One day I am gonna grow wings.
A chemical reaction, hysterical and useless.

Pietro Gregorini
A Wanderer’s Notebook
3 min readJan 22, 2018

--

Selfportrait, Infinity Pool at Marina Bay Sands, Singapore (June 2017)

And so it is, the time to go back home had inevitably arrived. With my last ticket at Changi Airport, after spending one week in Singapore, I was ready for a long route heading back to Europe, with a quick stop in Bangkok and Cologne. Somehow, it was the time to draw a line and sum up the experiences in the past three months. Can you ever imagine how much things you may see in such a short time? And ironically, when you have seen so much, everything seems never enough anymore. It’s a strange side effect: if you are an avid eater of knowledge you can’t stop anymore, you want to keep moving, you want it all. But unfortunately, if you are not a millionaire or neither you want to live like an homeless, you don’t have any other chance but stop for a while.

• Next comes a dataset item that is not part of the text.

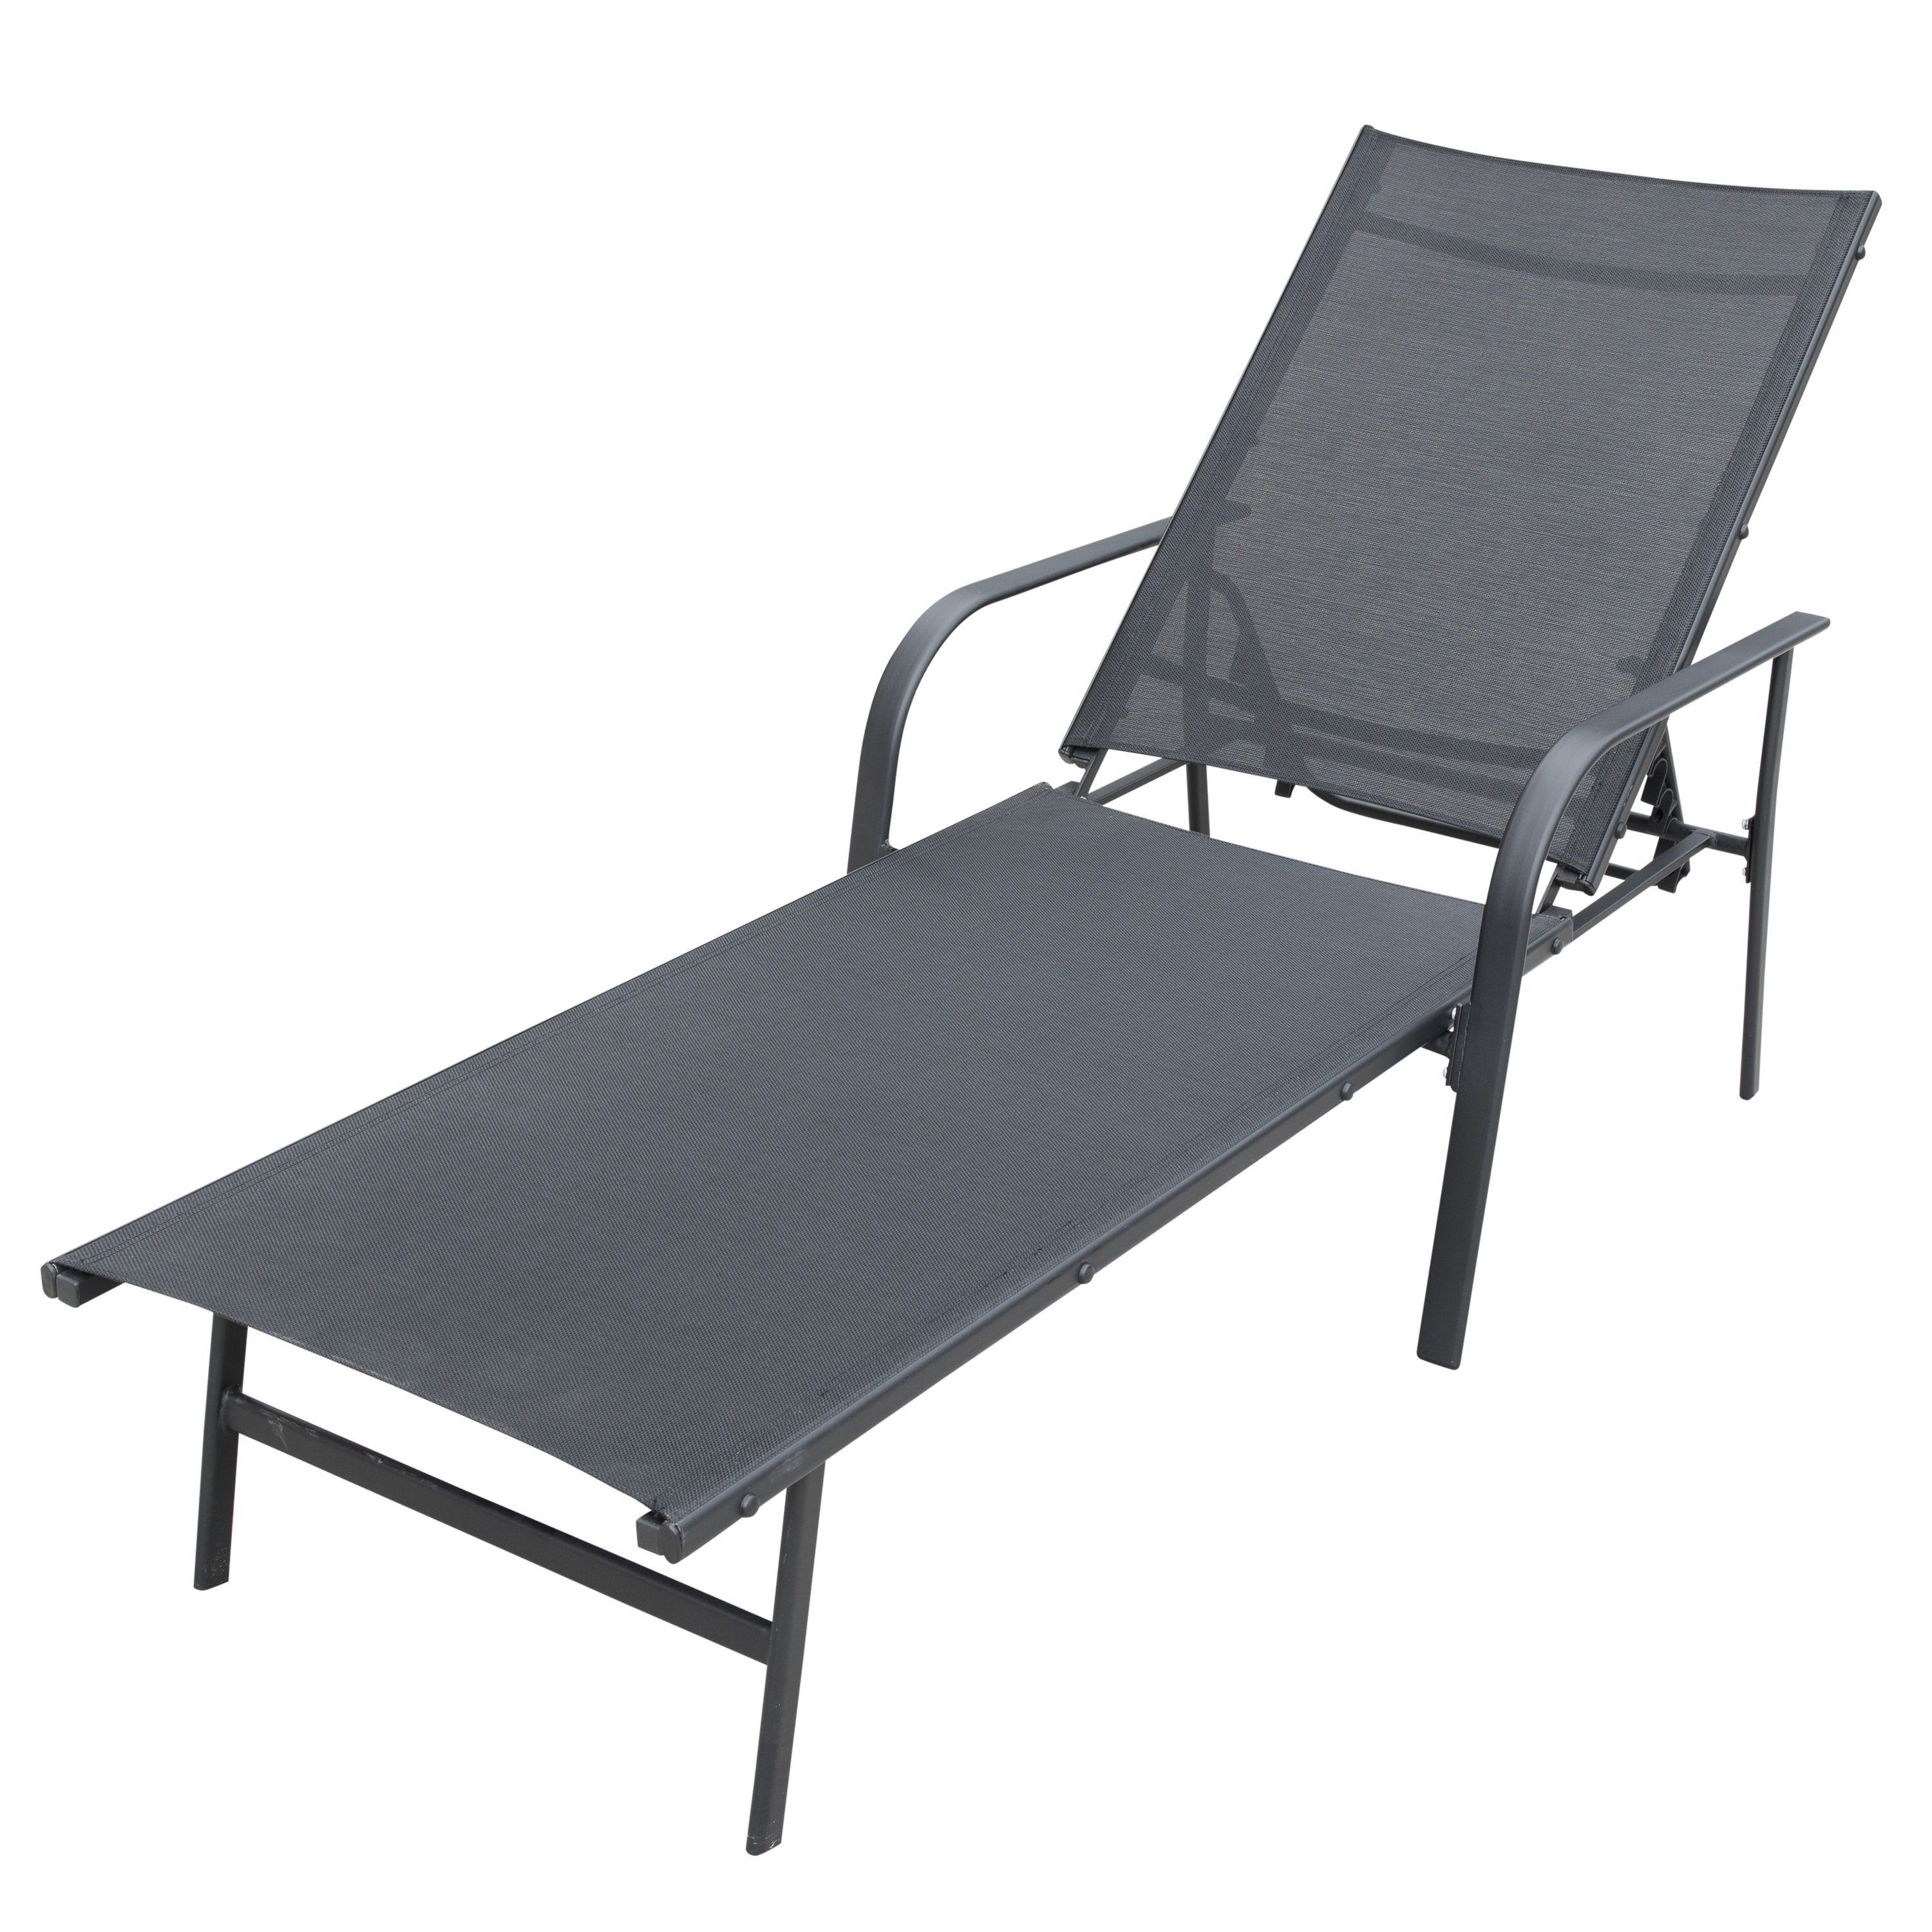 Corvus Antonio Outdoor Black Sling Fabric Adjustable Chaise In 2019 Antonio Sling Fabric Adjustable Outdoor Chaise Lounges (View 12 of 25)

I made a quick stop to the toilet, I looked to my face on the mirror and I saw brand new white hairs and wrinkles on my face. Did I really aged this much in just three months? Or it was a sign from fate, to remind me all the streets I walked by, there, impressed in my forehead forever? For sure, though I didn’t know what it was going to be with my own life, I was sure to have reached a whole new level of awareness. Whatever it will happen, I thought, I will enjoy the journey.

Once landed in Milan I rejoined with my best friends Gianluca, Daniele and Valentina, the ones who supported me through all these years, who were there for me all the time to downplay my dark thoughts. We went to the Radiohead concert together and, being the 20th anniversary of that masterpiece titled Ok Computer, the setlist that night was full of songs from the album. I still remember when in the 90’s my eldest brother took that CD home from Paris, how many times we played it together in his car heading to the nearest beach, with the summer breeze moving my hair through the window. I have always treasured this memory in my head through all these years.

But that wasn’t the only thought in my head. With my eyes stared at the stage, while singing along the songs, that night I saluted all the wonderful folks I met along the road, whispering thank you to each one of them. To the ones who are traveling by months or years, to those who moved out of their comfort zone exploring all the possibilities out there, those who found an alternative way to survive, those who hold on instead of let go, those who embrace the unexpected in their lives.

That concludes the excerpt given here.